During the ceremony, Mullan’s mother and Treacy unveiled the metal placard mounted just outside the building’s entrance. The placard
reads: “Mullan Hall, named in honor of Michael D. Mullan, Captain, USAR. CPT Michael D. Mullan, USAR, was a decorated U.S. Army Reserve
nurse, an emergency room nurse, and a New York City firefighter, cited for bravery. He died during the Sept. 11, 2001 terrorist attack on
the World Trade Center while rescuing civilians and fellow firefighters trapped inside the adjacent Marriott Hotel. As a first responder,
CPT Mullan was committed to saving lives while serving his country as a Warrior Citizen. That core principle is the backbone of Joint Task
Force Civil Support, whose mission was established to save lives and mitigate loss in the event of a chemical, biological, radiological or
nuclear attack on the United States.”
Following the ceremony, the Mullan family, firefighters and other attendees attended a cake cutting ceremony inside Mullan Hall to
commemorate the dedication. Members of JTF-CS provided building tours to the guests. The JTF-CS lobby is adorned with display cases of
Mullan’s personal belongings, such as his U.S. Army uniform, New York City fire fighter helmet, medals and citations, and a framed collage
featuring photos of Mullan on the job as a firefighter and U.S. Soldier.
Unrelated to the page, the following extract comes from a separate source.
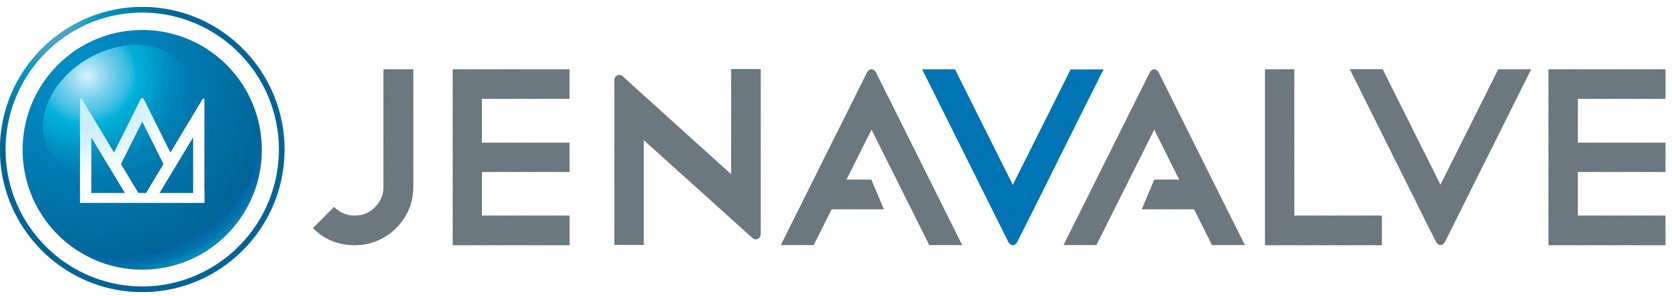 JenaValve Logo.jpg
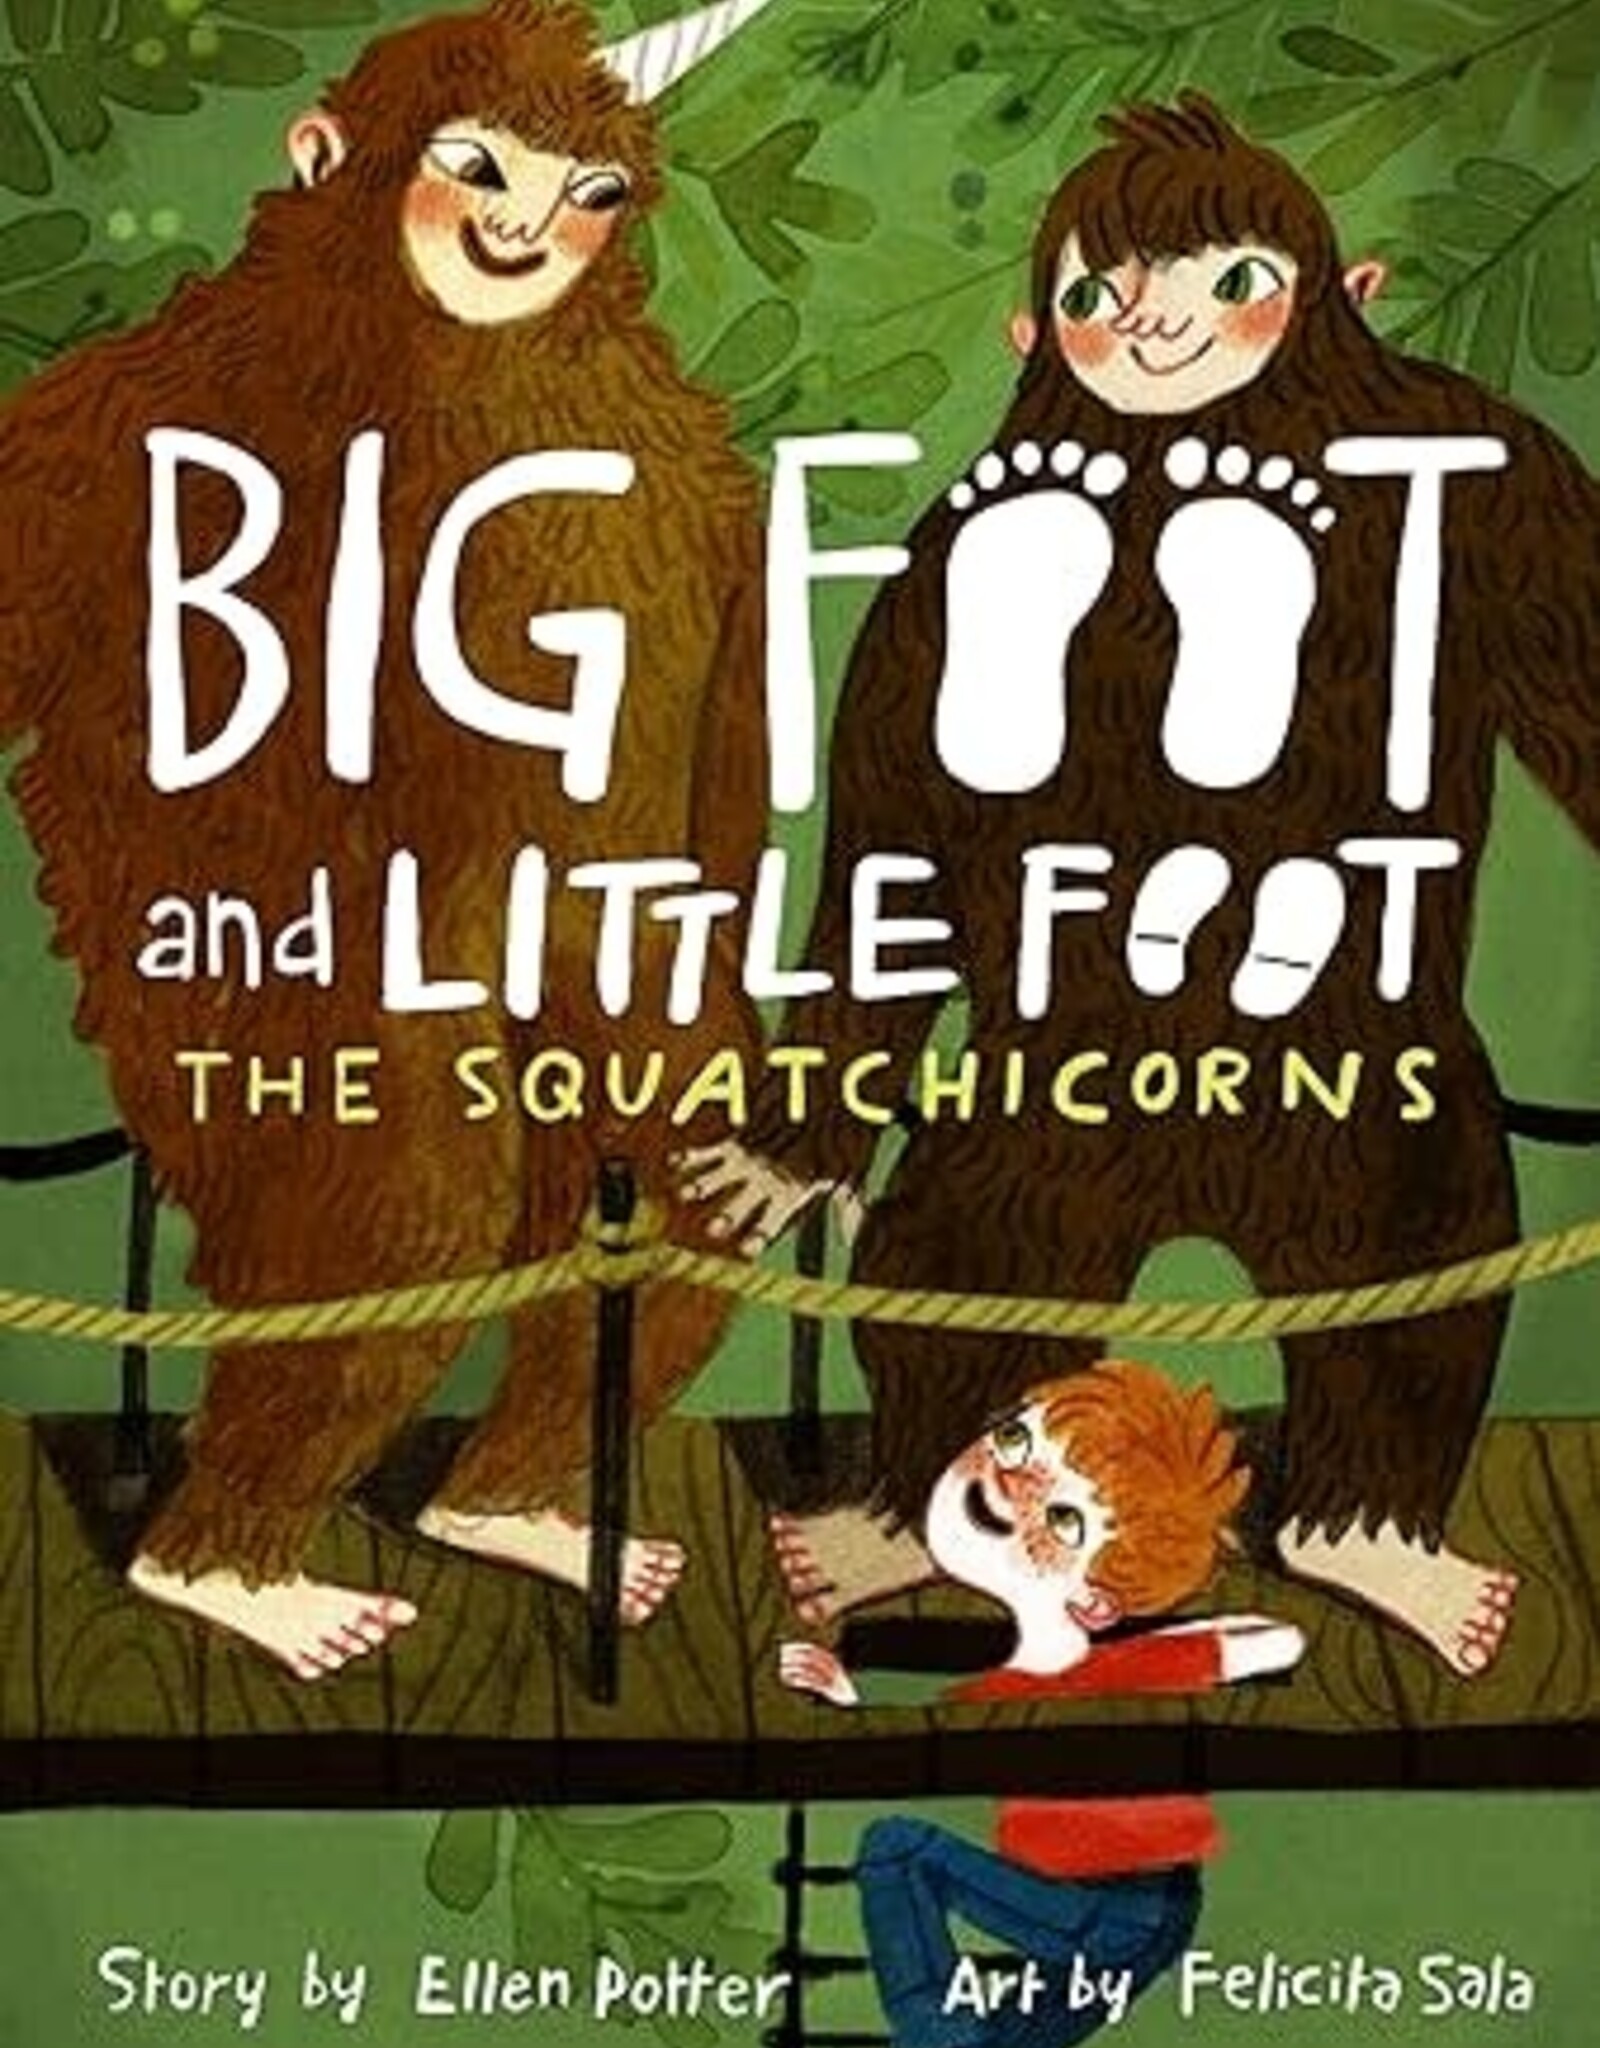 Big Foot Little Foot #3 Squatchicorns

“I’m excited that every day when we pass through the lobby of Mullan Hall, we will be reminded of our core values; professionalism,
honor, loyalty, and service before self,” said Treacy. “Today’s dedication highlights the true nature of the JTF-CS mission and how
critical it is to be ready to respond at a moment’s notice.”
JTF-CS is the only standing chemical, biological, radiological, nuclear response joint task force in the U.S. If called upon, JTF-CS
provides command and control of 5,200 federal military forces located at more than 36 locations throughout the U.S. Designed to provide
a life-saving capability within 24 hours of notification, these federal military forces offer various life-saving military assets such
as search and rescue and emergency medical capabilities.
JTF-CS relocated to its current location here from Fort Monroe, Va., last year as part of the 2005 Base Realignment and Closure
Act. The move transitioned JTF-CS from four buildings and about 47,000 square feet of space at Fort Monroe to a single building – Mullan
Hall – which has about 63,000 square feet of space.